» **SUPPLIED MATERIAL**:
---------------
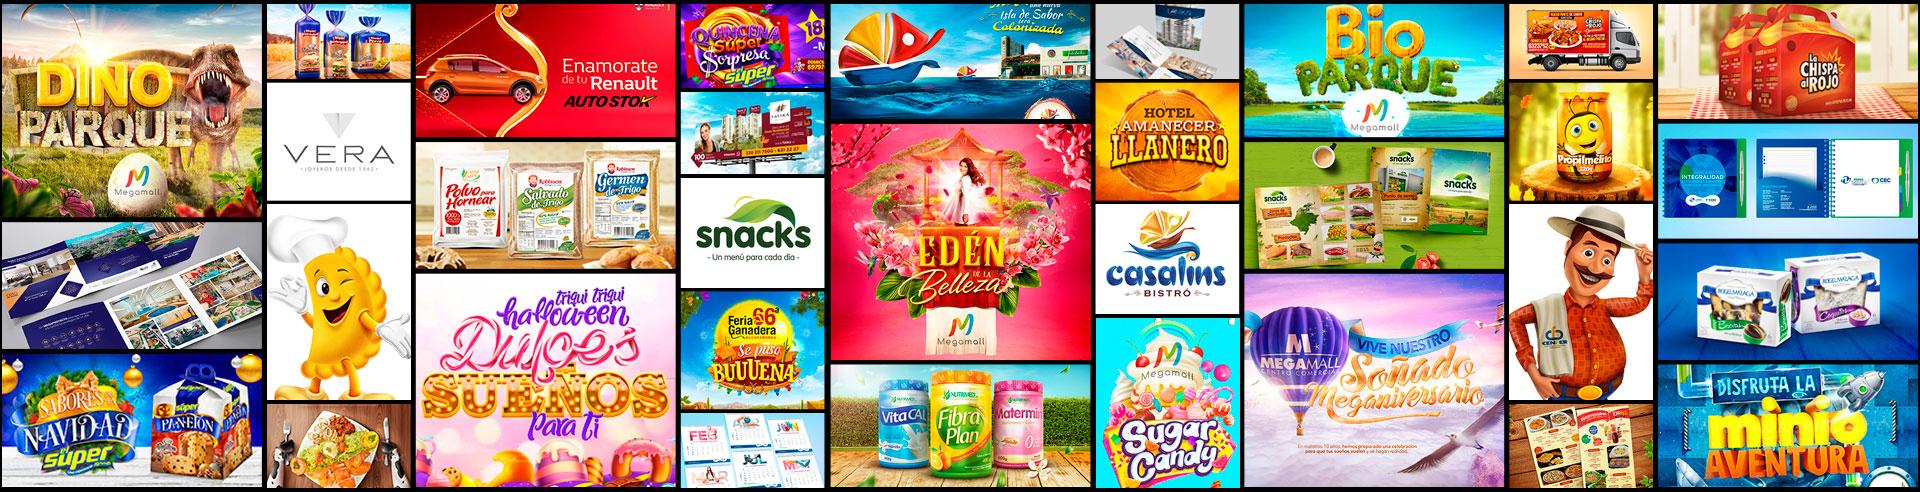 agencia-publicidad-mad-2019-bucaramanga-bogota
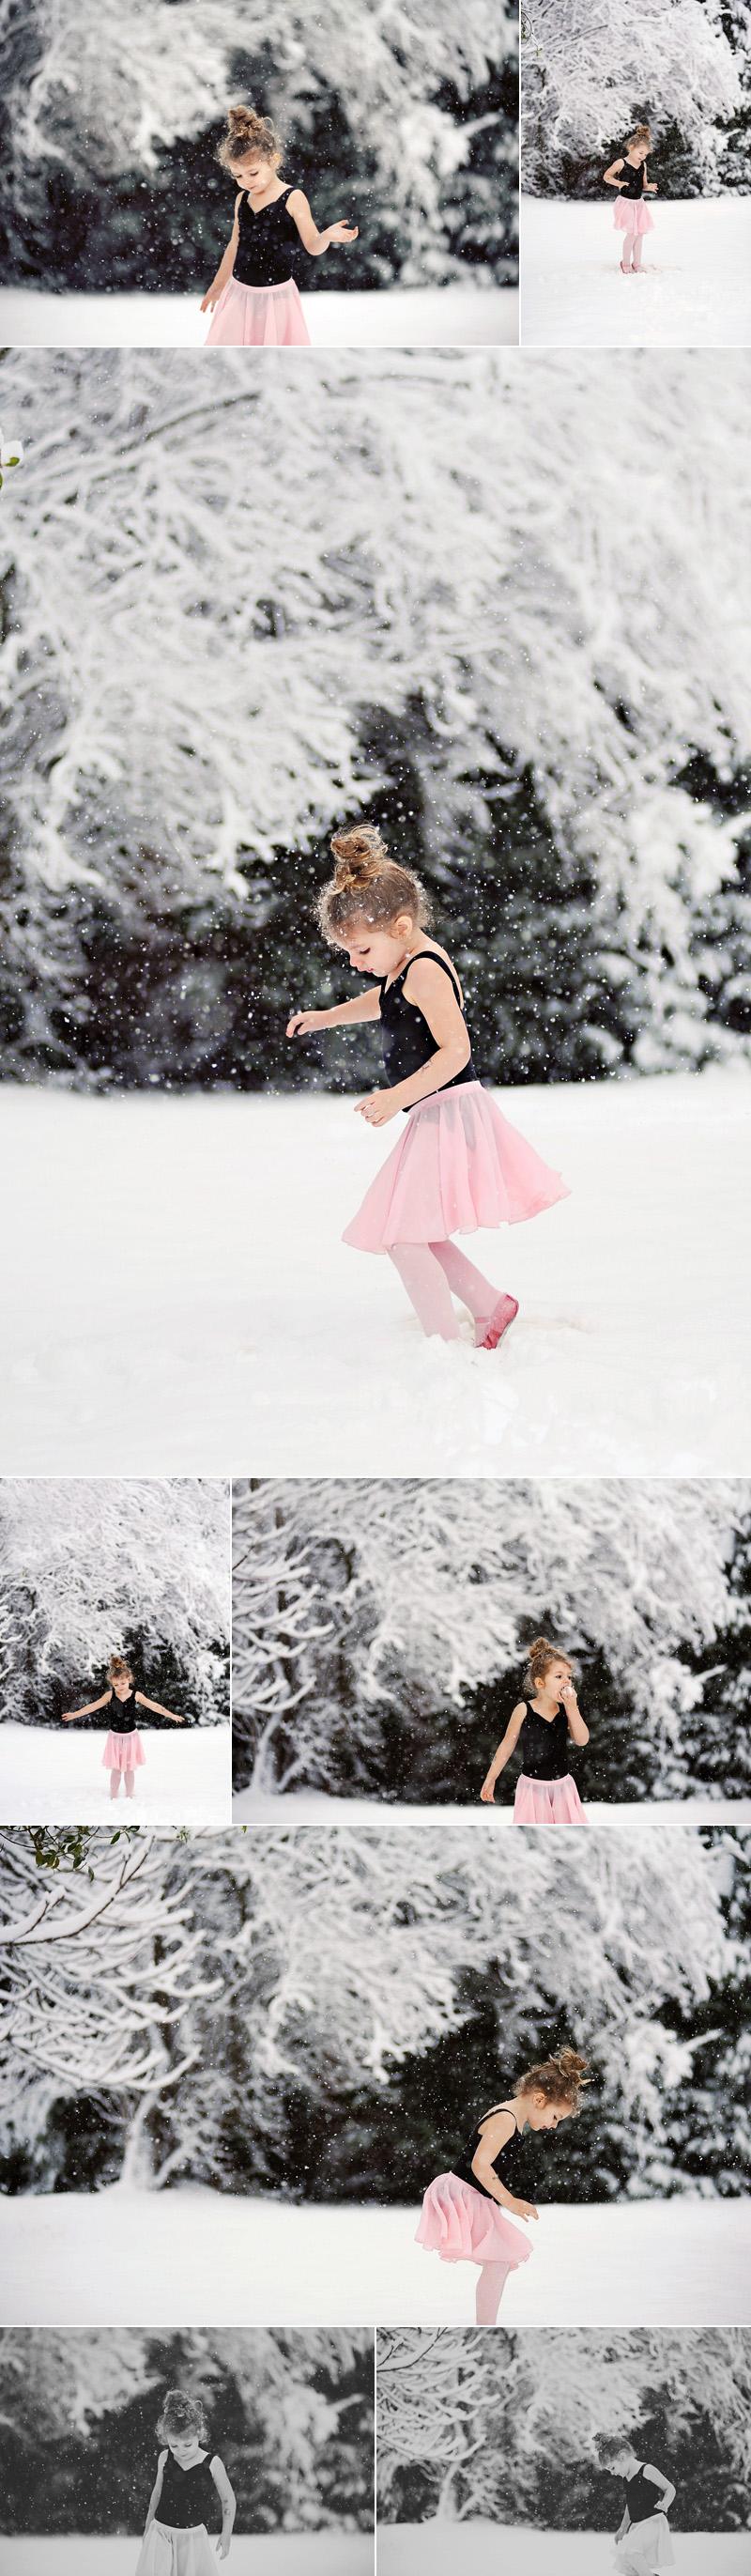 snow ballet
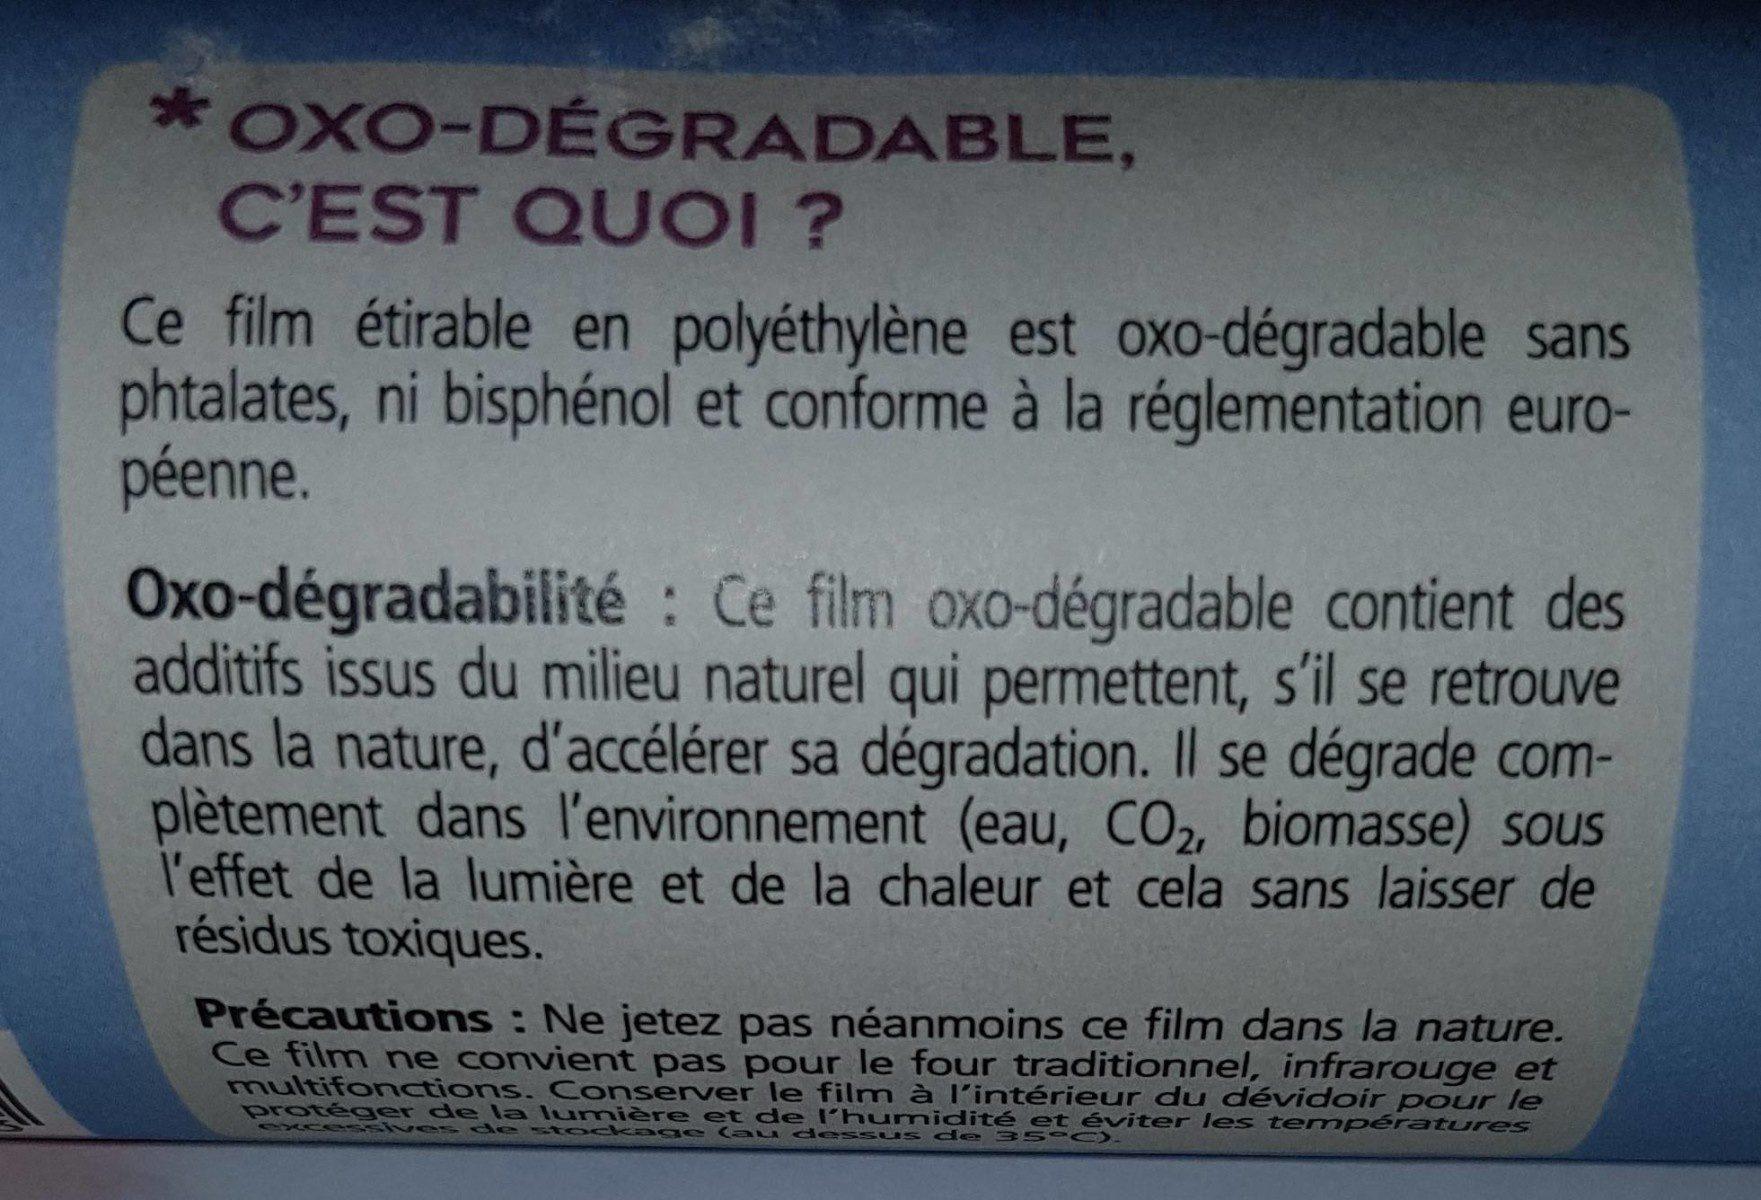 Recharge filme étirable oxo-dégradable - Ingredients - fr
---------------
» **WHAT IS NEEDED**: Beginning with the line that contains "snow ballet" and ending with the final line of the material, reproduce those lines exactly and nothing else. Omit the pictures.

» **RESULT FOR THIS TASK**:
 snow ballet
 Recharge filme étirable oxo-dégradable - Ingredients - fr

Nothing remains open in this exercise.